The data
————
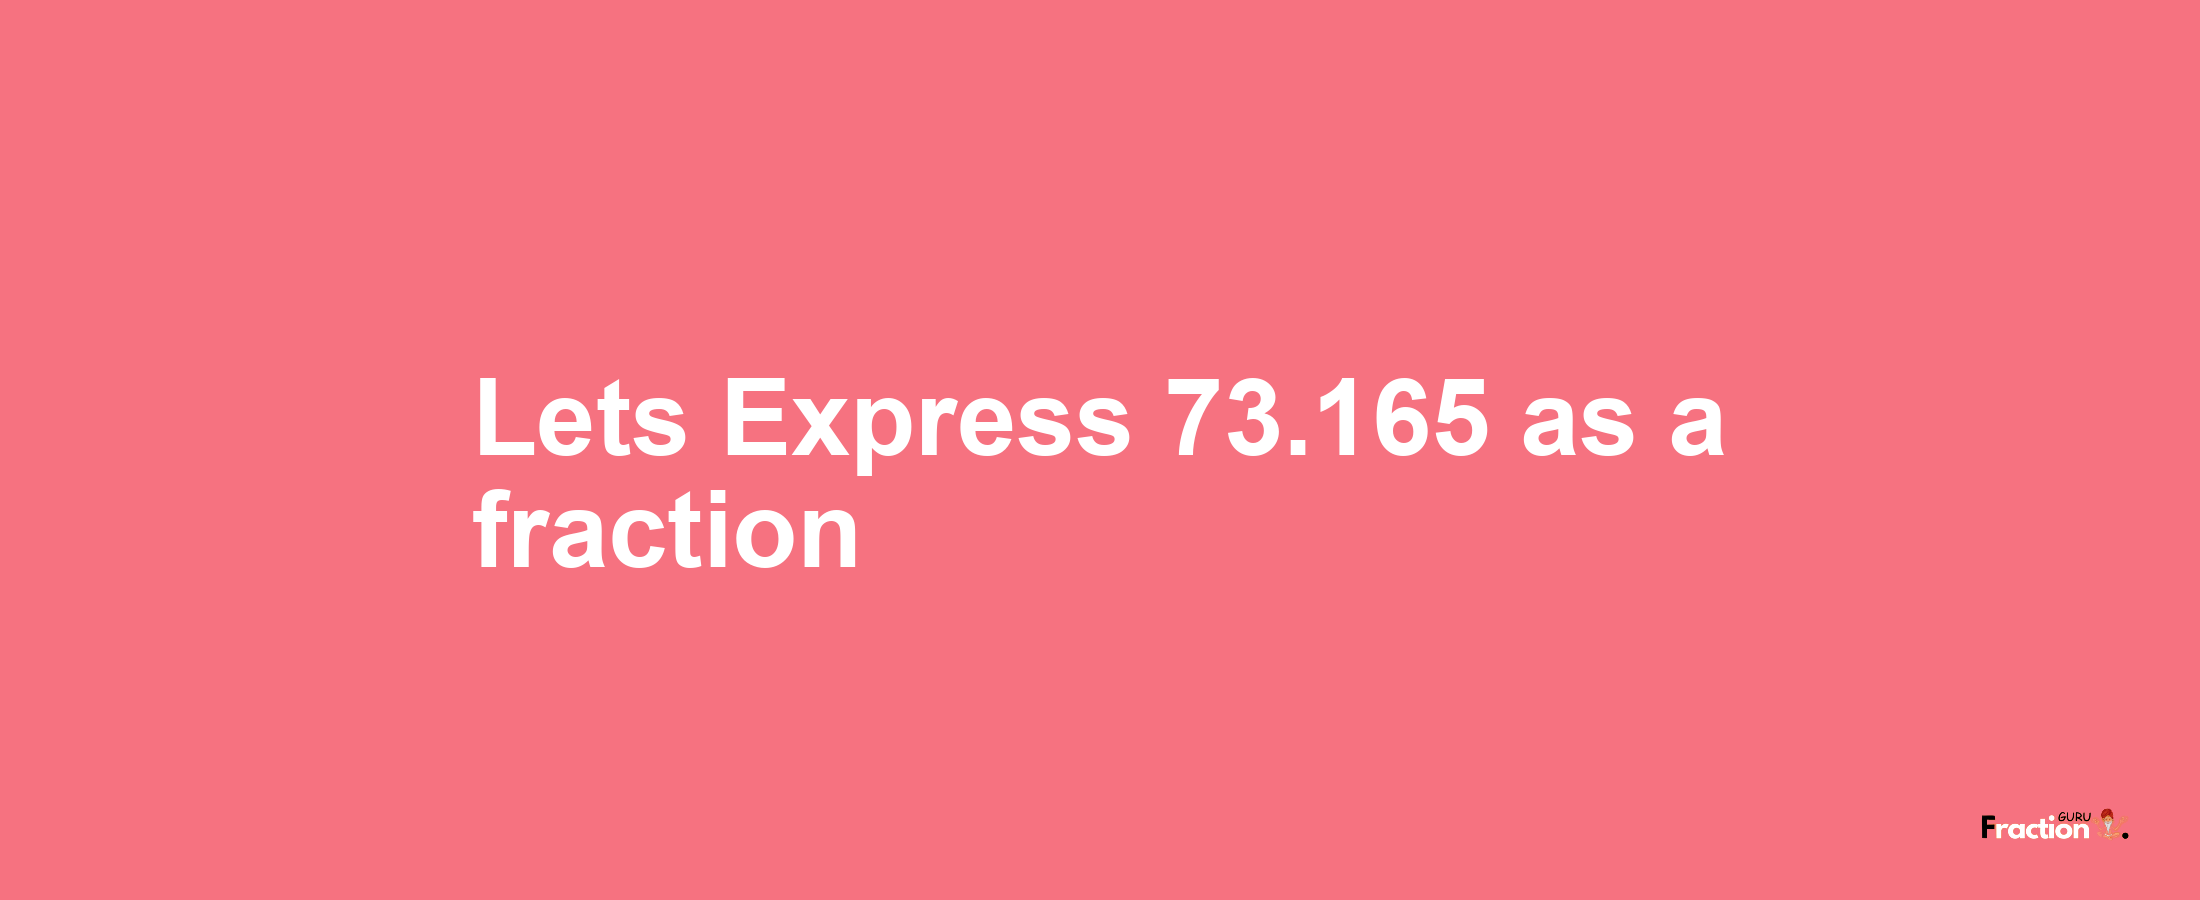 Lets Express 73.165 as afraction
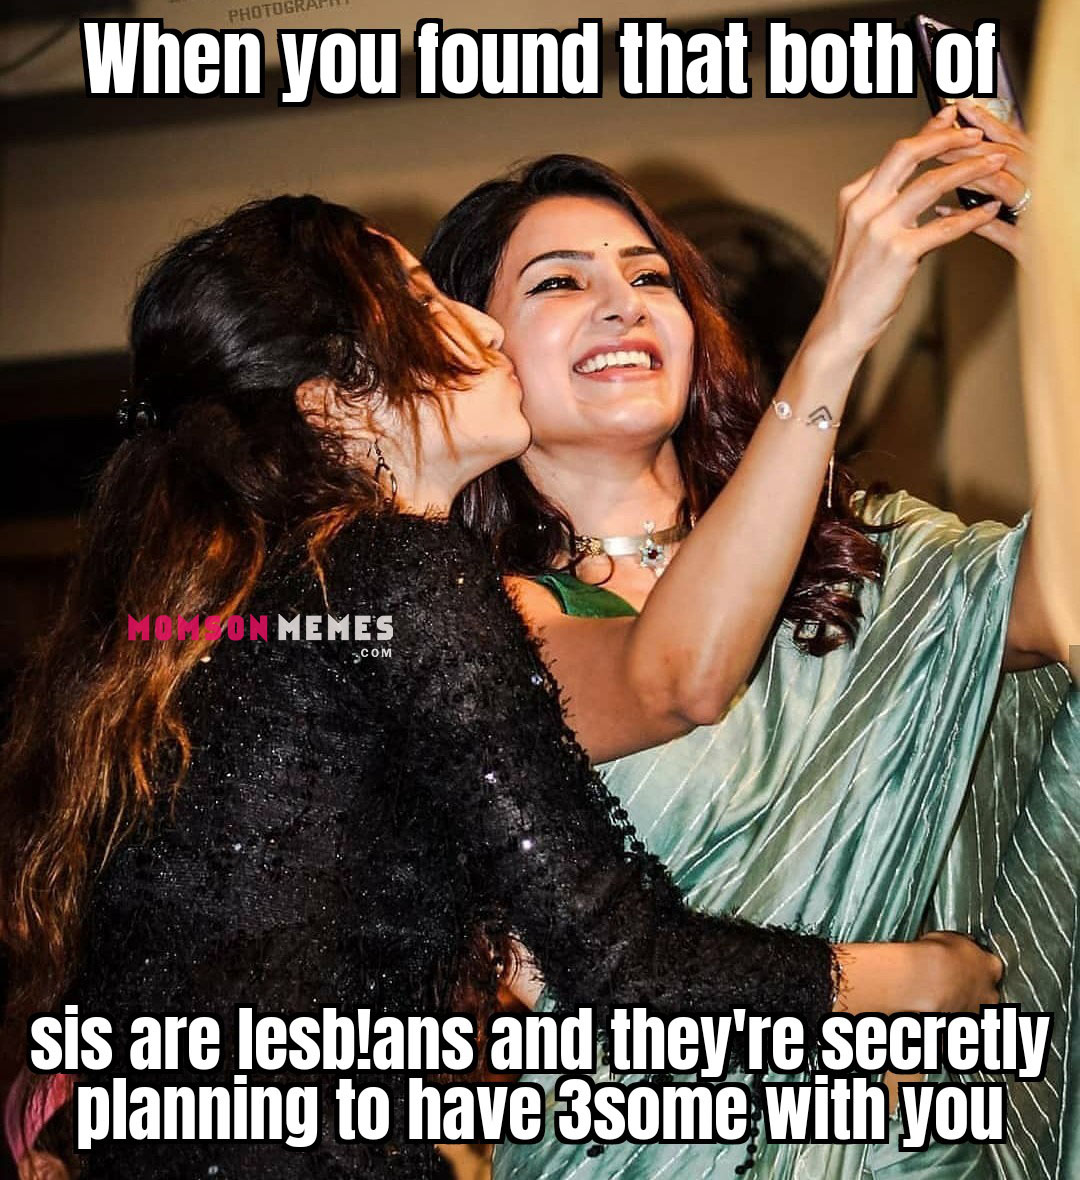 Lesbian Threesome Memes - Threesome with sisters - Incest Mom Son Captions Memes
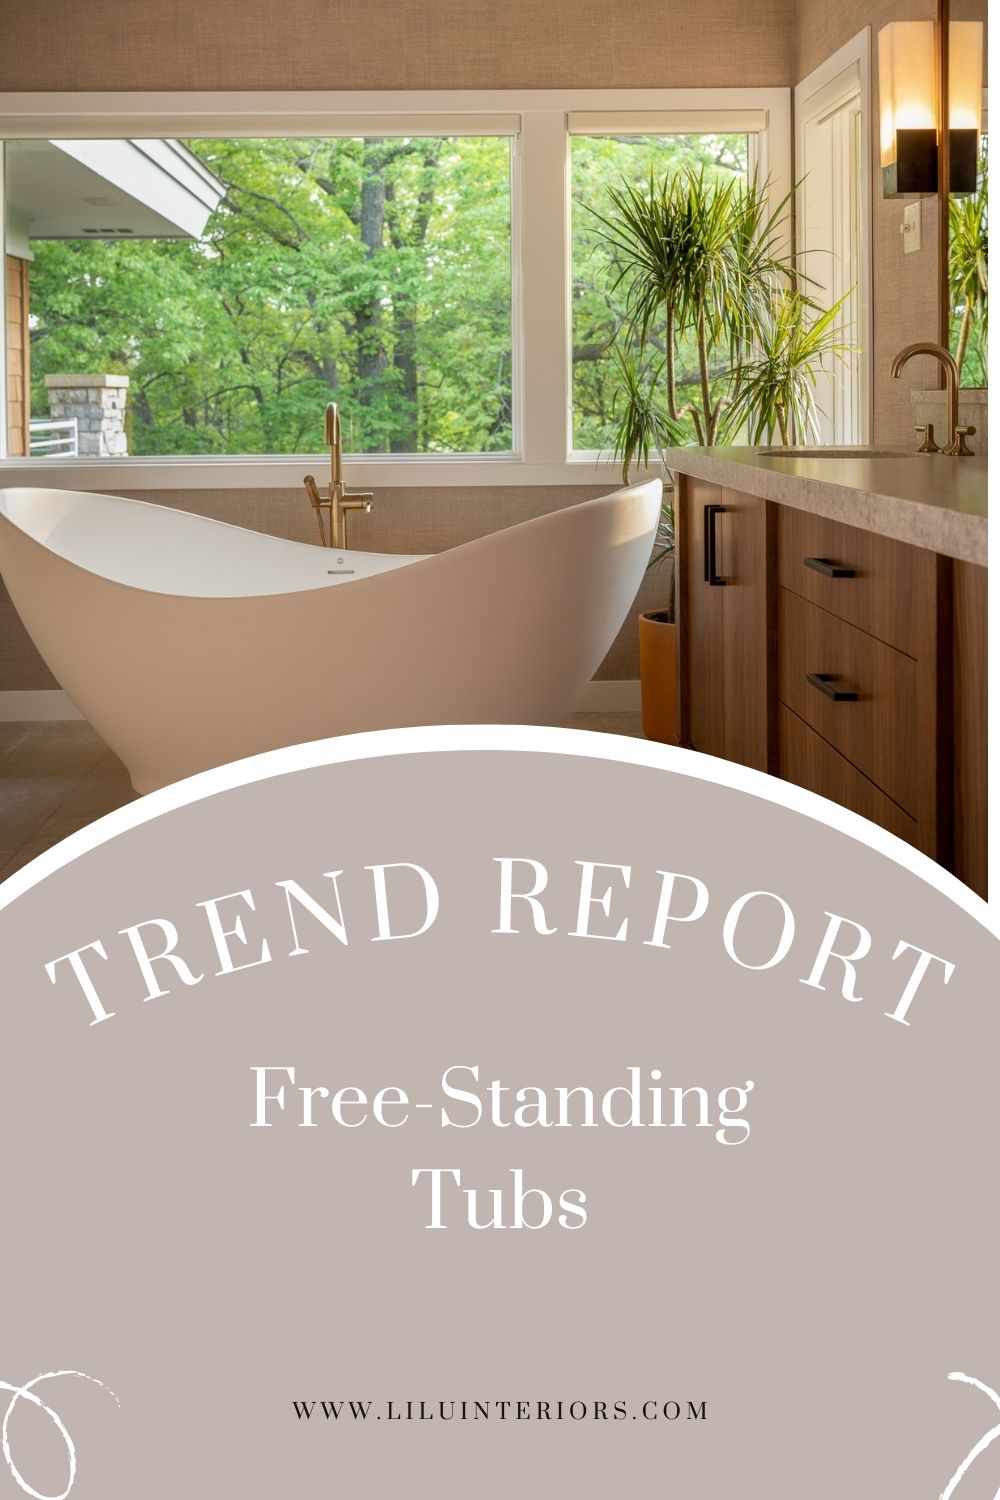 Are free-standing tubs right for your bathroom renovation?
————
Task goal
Exclude the images and output the lines above exactly.

Exercise answer
 Lets Express 73.165 as afraction
 Lesbian Threesome Memes - Threesome with sisters - Incest Mom Son Captions Memes
 Are free-standing tubs right for your bathroom renovation?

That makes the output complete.